Who can tell the power of music and of song? Although the essence of time, they transcend time. As the wind or as the sunshine, their influence is everywhere, yet undefined.
At the turn of this century Scottish songs and songwriters were in European vogue. The pioneering work of Sarah Tytler and J. L. Watson, and the biographies and editions produced by Henry Lonsdale and Charles Rogers, have left us with a comprehensive catalogue of views and opinions about songs and songwriters in Scotland from the 1840s until the early 1900s. From then until recently there has been little interest in the genre of Scottish song; in its influence on Scottish writing in general; or in the large group of writers, both male and female, whose work clearly illustrates the importance of song as a literary and musical form throughout the eighteenth and nineteenth centuries. Scottish writers, both musically literate and illiterate, dabbled in songwriting because song held a special place in Scottish society.

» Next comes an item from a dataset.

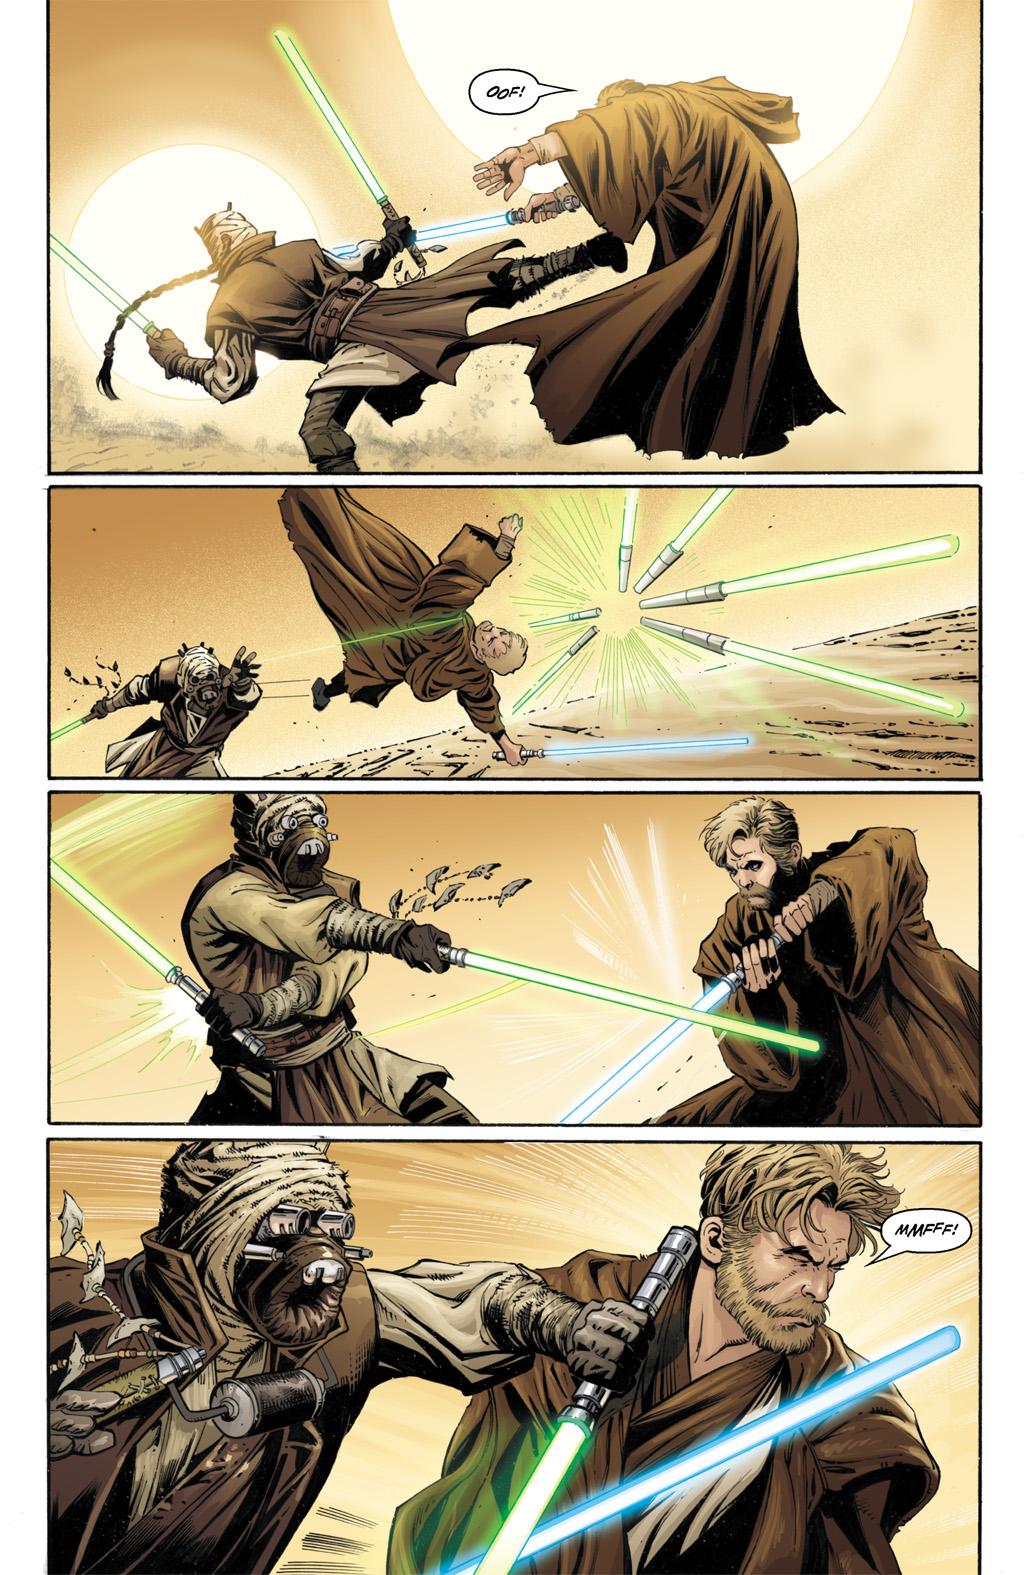 Comic-Only Fights Adapted To Novel Format UV-GqyuFQPde-7Zbq1Olvk7pBfSQRPWUPEpdp-ed0datTflcJ4ldh4MzDTuh5HL5_6nbCOBgZU8=s1600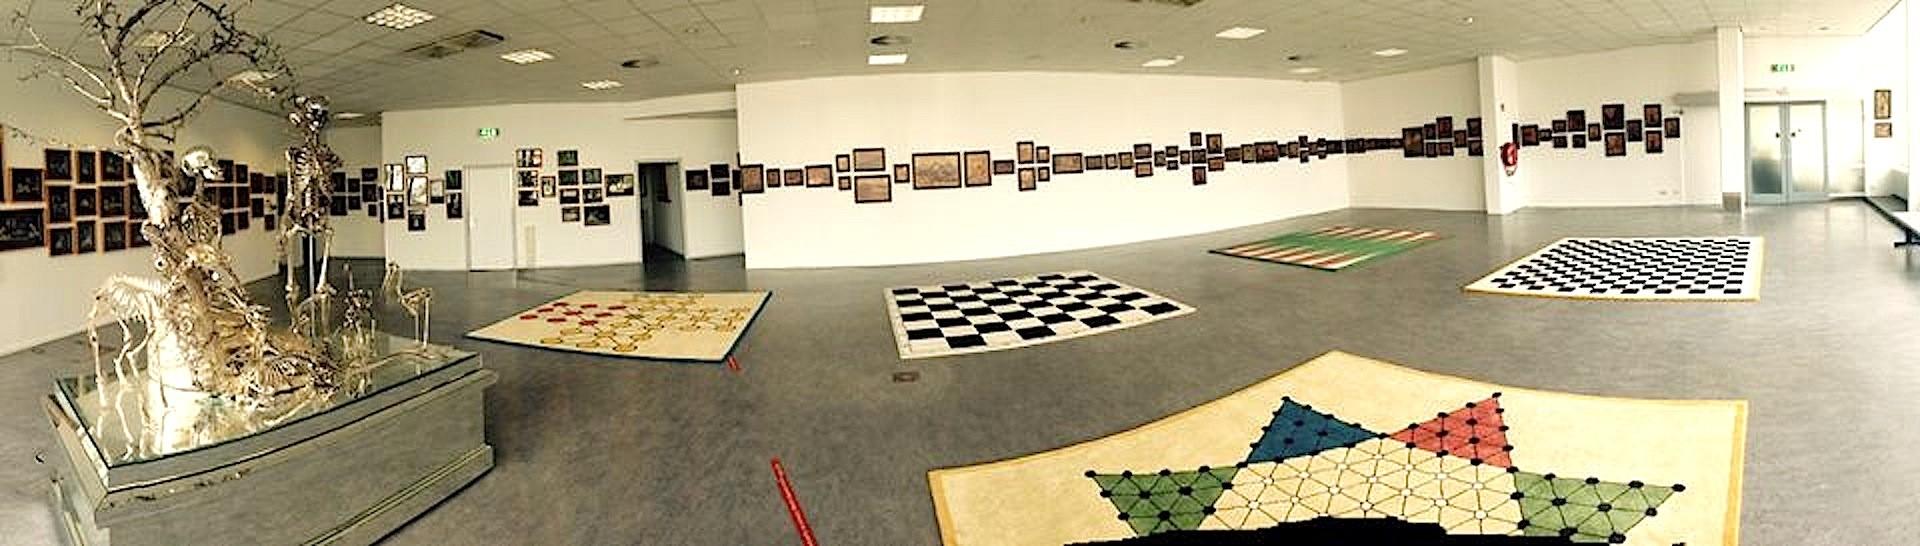 Monika Jordense Michalski – Panorama grote zaal Rob Scholte Museum

Its popularity is simply revealed by the number of publications produced with unending enthusiasm for well over a century from the early 1700s.
A natural consequence of Scotland's publishing boom in the eighteenth century was the development of a thriving music publishing industry, which had been virtually nonexistent prior to the 1700s. By the 1770s and ‘80s the turnover in musical publications in Edinburgh alone was impressive, with at least thirty booksellers in the city dealing in music in addition to other publications, but music publishers also became established in Glasgow, Perth, Stirling and Aberdeen. Although some orchestral and chamber music was published, most of the musical publications produced in eighteenth-century Scotland were connected with traditional Scottish music. There was an interest in national songs and tunes elsewhere in the British Isles, but the number of publications of this sort in Scotland far surpassed those produced in England, Wales or Ireland at this time. Scottish song books were also varied, ranging from psalm tunes and hymns of the Church of Scotland to fiddle or bagpipe tunes arranged for voice and pianoforte, with newly created lyrics. Some song books appeared with melody lines, or with elaborate accompaniments for small ensemble. Others, beginning with Allan Ramsay's Scots Songs (1718), appeared with no music, but with the name of the melody and lyrics alone.